I'm afraid they absolutely do use Google's API. I do, however, agree that Lyft has mismanaged that code so badly as to be unrecognizable as Google......at all.


----------



## fermatamew (Mar 9, 2017)

Bork_Bork_Bork said:


> I'm afraid they absolutely do use Google's API. I do, however, agree that Lyft has mismanaged that code so badly as to be unrecognizable as Google......at all.

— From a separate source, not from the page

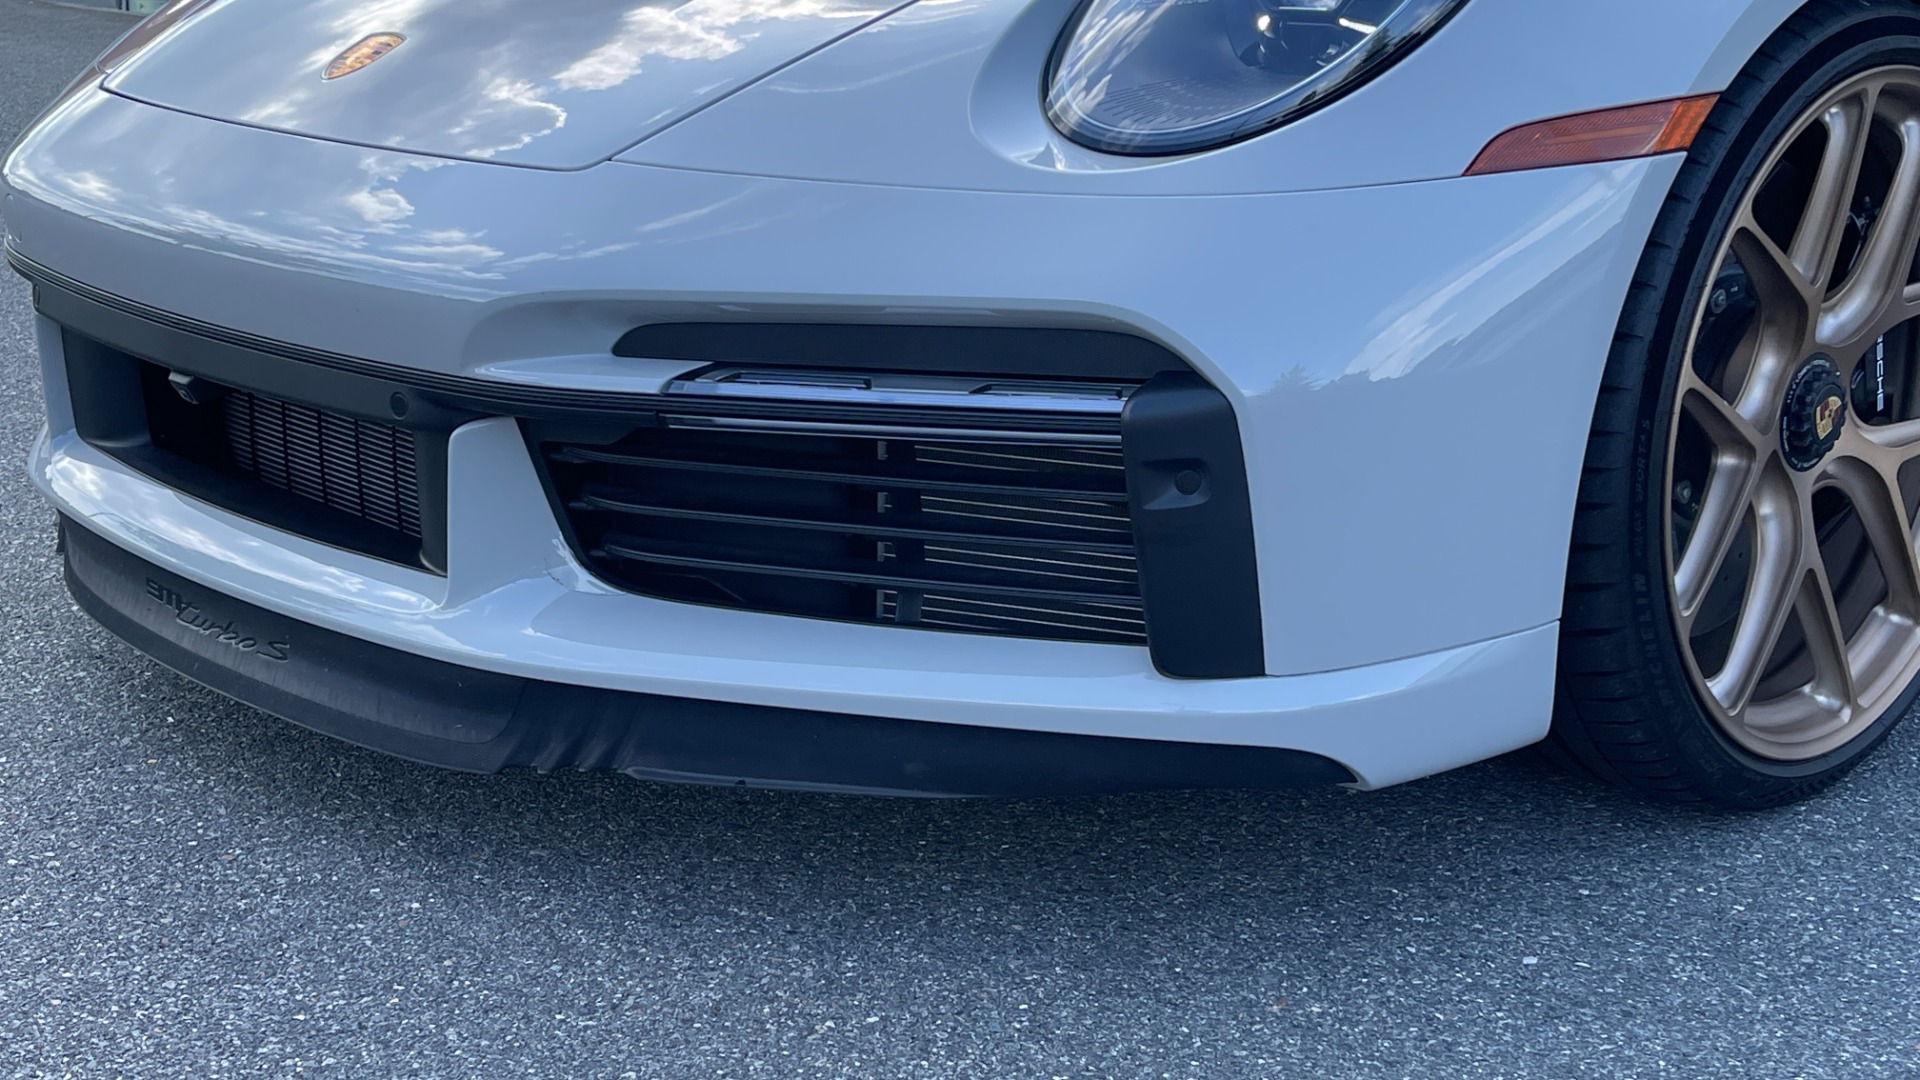 Used 2021 Porsche 911 Turbo S / HRE WHEELS / FRONT LIFT / MATRIX LIGHTS / PASM SUSPENSION for sale $279,000 at Formula Imports in Charlotte NC 28227 12

I don't want this to sound snarky - honest question: If they use Google, then why are their directions actually different than google's? (And even if their underlying navigation was the same, you have to admit their interface is horrible. Visuals are poor, timing of turns is bad, distance and time to destination inconsistent, etc.)


----------



## Bork_Bork_Bork (May 20, 2019)

fermatamew said:


> I don't want this to sound snarky - honest question: If they use Google, then why are their directions actually different than google's? (And even if their underlying navigation was the same, you have to admit their interface is horrible. Visuals are poor, timing of turns is bad, distance and time to destination inconsistent, etc.)


I'm totally in agreement with you. I can't answer that. I run 2 navigation programs, not for any other reason, other than they will lie their asses off regarding mileage.

Google Maps, side by side, is often different. I've no idea why.....and as you've said.....looks and acts like crap.


----------